What about in the spiritual world? Do I need exposure to temptation? Can I benefit from the dirt that rubs off on me from the world, the flesh, and the devil? My natural tendency is to say “No! Temptation is bad. I need to avoid or prevent as much exposure as possible.” Stay in my bubble. Hang out with Christian friends. Read books by Christian authors. Listen to Christian music. Watch Christian videos.

But if I’m honest with myself, I realize that each time I resist a little temptation I grow stronger,  more capable of resisting a bigger temptation. Sooner or later that big temptation will come. Will I be ready to resist it if I haven’t faced and defeated those little temptations? I also grow closer to God every time I rely on His Holy Spirit for the strength to overcome.


Jesus’ example

Did Jesus Himself experience this type of growth? The Bible says that He was made perfect through suffering (Hebrews 2:10), that His suffering included facing temptation (Hebrews 2:18), and that He learned obedience from what He suffered (Hebrews 5:8). I have a hard time wrapping my mind around this whole idea of Jesus—God—learning and growing, especially by means of the evils of temptation and suffering. I don’t hear a lot of teaching about this experience of His. But it’s a powerful example of how God brings good (strength) out of evil (temptation).

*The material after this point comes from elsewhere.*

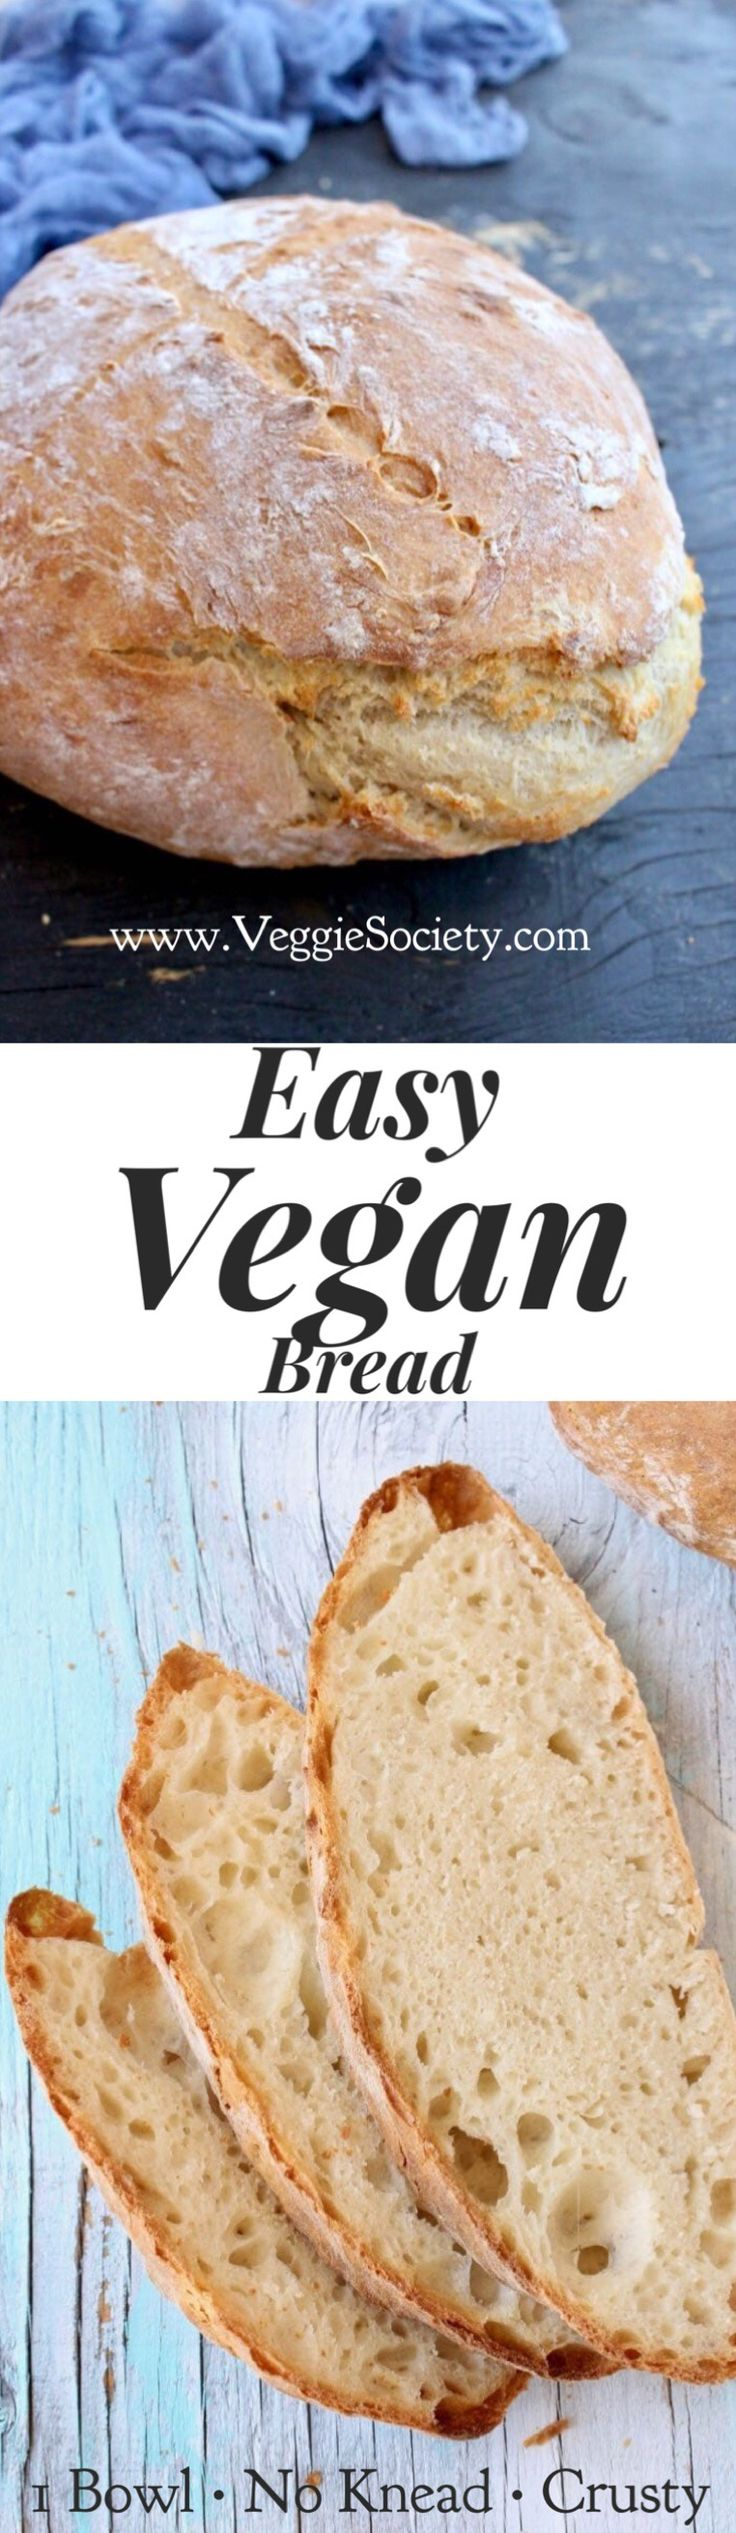 Easy Vegan Bread Recipe. Crusty, No Knead, 3 Ingredients Only. Simply the Best | VeggieSociety.com @VeggieSociety

If Jesus could learn and grow as He was tempted, maybe it’s best for me to get out of my Christian comfort zone and allow myself to be exposed to the dirt of the world. How can I mature in my faith if I never face the challenges out there? (And how can I be a witness to those who need to hear the Good News if I stay huddled in my own little corner?)

Of course there has to be a balance. I have to follow the teaching of Scripture and the leading of the Holy Spirit to find that balance. I need to be out in the world getting my feet dirty and building my immunity, but I don’t need to take a mud bath.